The case attracted the attention of physicians and patients’ advocates who said the tough punishment could discourage doctors from providing adequate medication to those with severe pain.

Prosecutors argued that Dr. Hurwitz wildly overprescribed pain-killing drugs such as OxyContin and Dilaudid, giving one patient prescriptions for more than half a million pills over a 40-month period. The government also said there was evidence the physician suspected that some of his patients were selling a portion of their prescribed medicines.

Defense attorneys contended that Dr. Hurwitz acted within professional standards and that patients suffering from long-term pain can require extremely high doses of narcotics because smaller doses often become ineffective over time. The defense acknowledged that Dr. Hurwitz had been disciplined by state medical boards, but said those agencies “were back in the Stone Age.”

A past president of the American Academy of Pain Medicine, Dr. Scott Fishman, said his group has not formally endorsed or rejected Dr. Hurwitz’s methods, but filed an amicus brief because the court proceedings put all doctors in jeopardy. “On the surface, this is a case that appears to be an issue around a doctor who is at the extreme of practice, if not over the line,” Dr.
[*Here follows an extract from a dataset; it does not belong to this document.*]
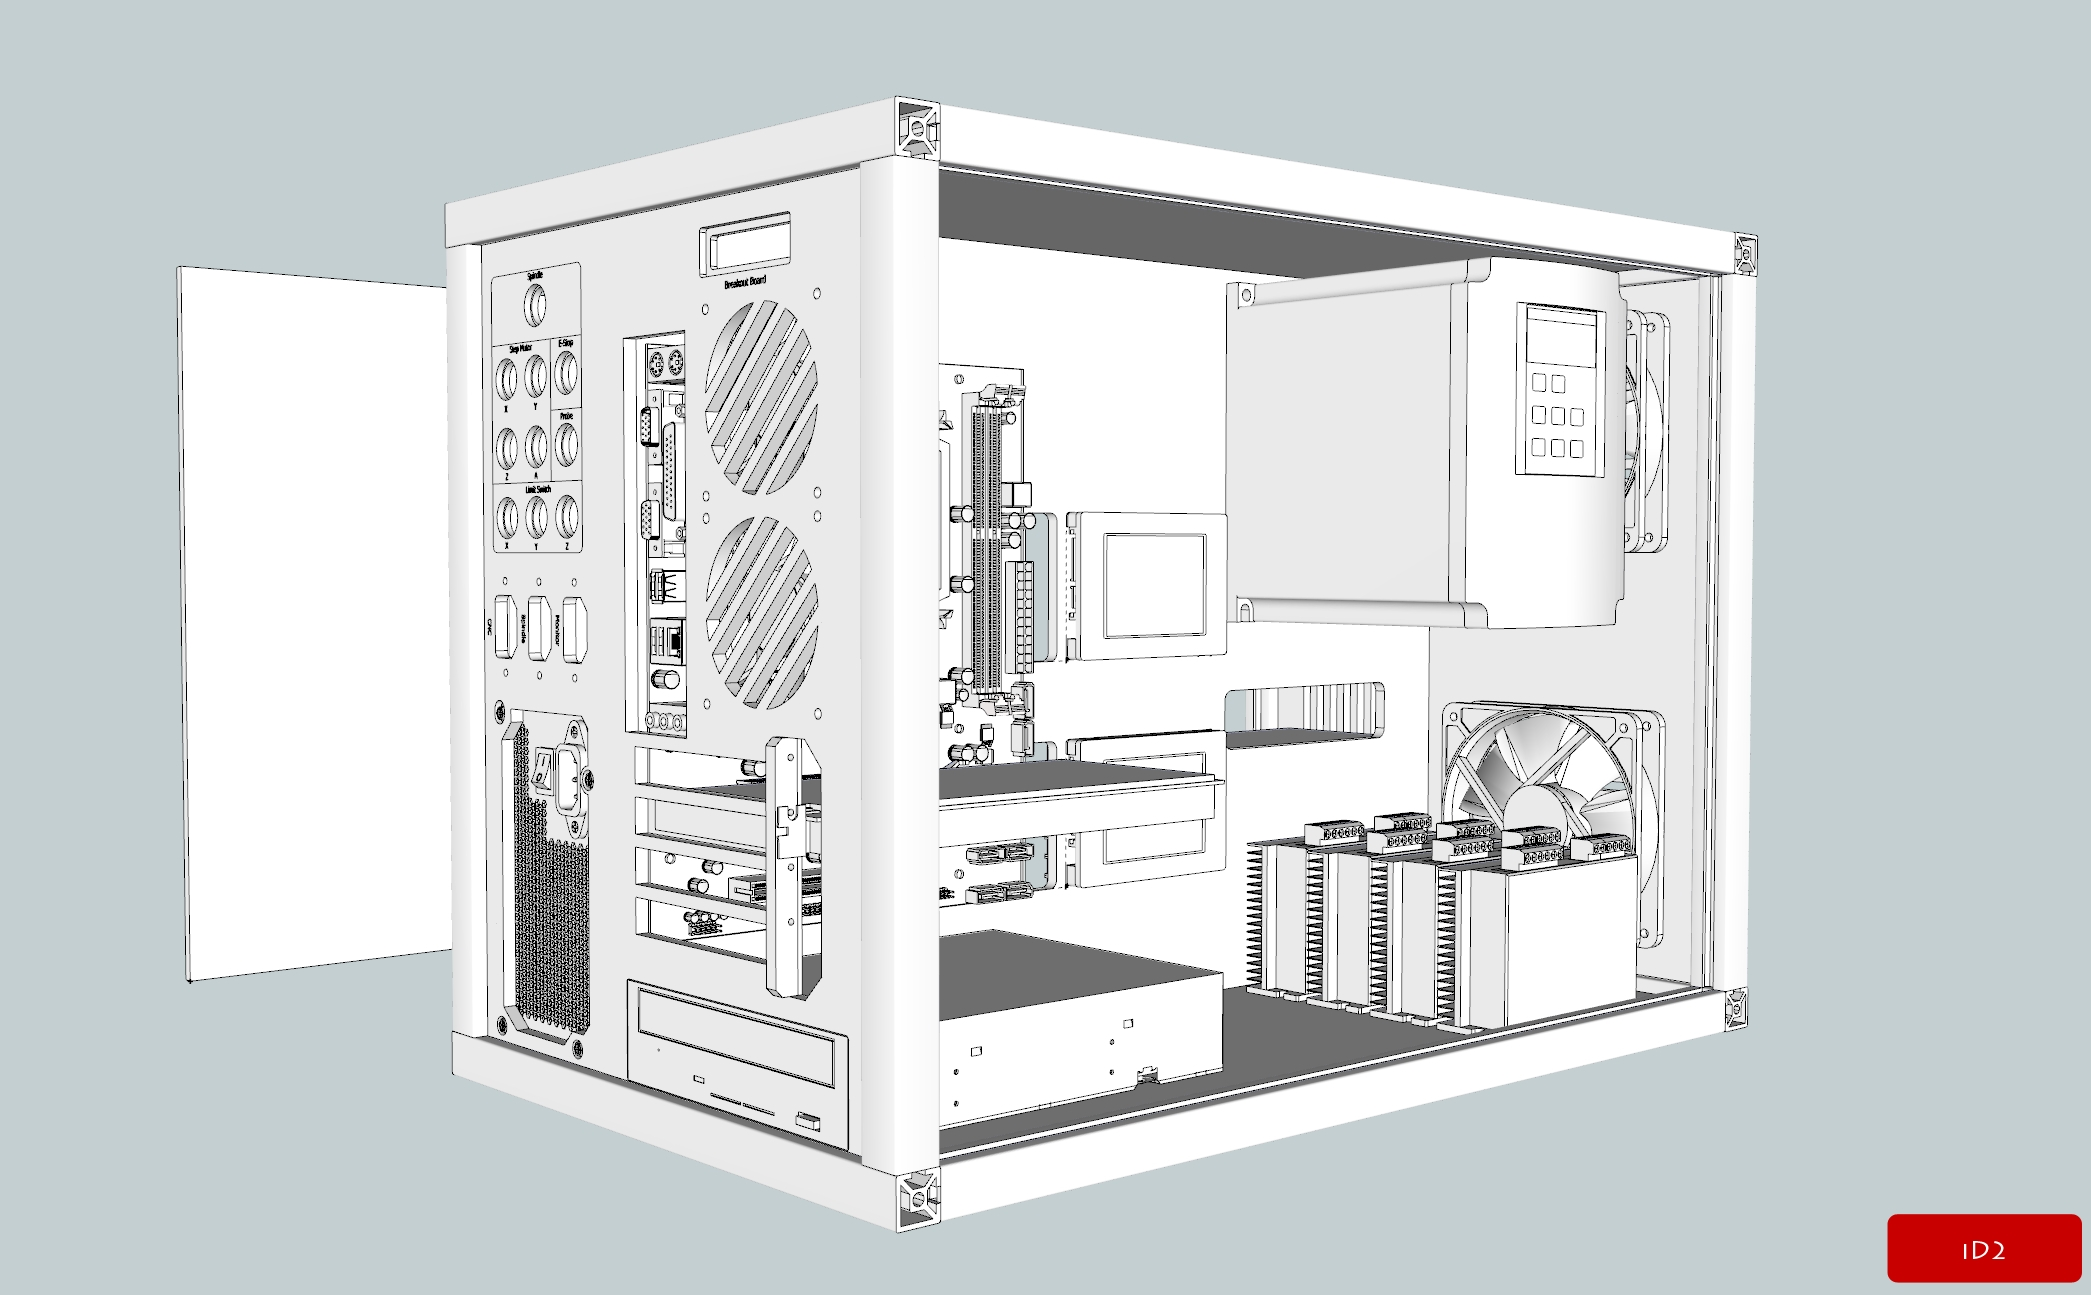 cnc controller box  draft design   u2013 id2cnc

Fishman, a professor at the University of California at Davis, said. “It was about whether he got a fair trial. We felt if we didn’t stand up in this case, future legitimate appropriately prescribing physicians could be prosecuted as drug dealers. We’re trying to protect patients.”

A libertarian-oriented physicians group, the American Association of Physicians and Surgeons, offered a more robust defense of Dr. Hurwitz. “Billy Hurwitz is an accomplished physician at the cutting edge of medicine, trying to help his patients,” a lawyer for the group, Andrew Schlafly of Far Hills, N.J., said. “This guy published articles in medical journals. He had a medical approach.”

Mr. Schlafly said federal prosecutors overreached by using the criminal justice system to control doctors. “The federal government has no business mischaracterizing a doctor as a drug dealer and interfering in the states’ regulation of the practice of medicine,” the lawyer said.

Mr. Schlafly said the defense victory was remarkable because the 4th Circuit is considered the most pro-government of the federal appeals courts. “This was a rarity, really,” he said.

An attorney for Dr. Hurwitz, Lawrence Robbins, said he was “delighted” with the decision. He said overzealous prosecutors had “chilled the availability of legitimate and legal pain management.”

Prosecutors said through a spokesman that they were considering their options, which include asking the full bench of the 4th Circuit to rehear the case.

While the appeals court panel was unanimous in granting Dr. Hurwitz a new trial, they differed over precisely what jurors should have been told. Judge Traxler and another judge, Cameron Currie, favored telling jurors that the doctor’s belief he was acting appropriately had to be both in good faith and objectively reasonable. However, the third judge on the panel, Hiram Widener Jr., dissented, saying that made little sense. “The two terms are contradictory, it seems to me,” he wrote.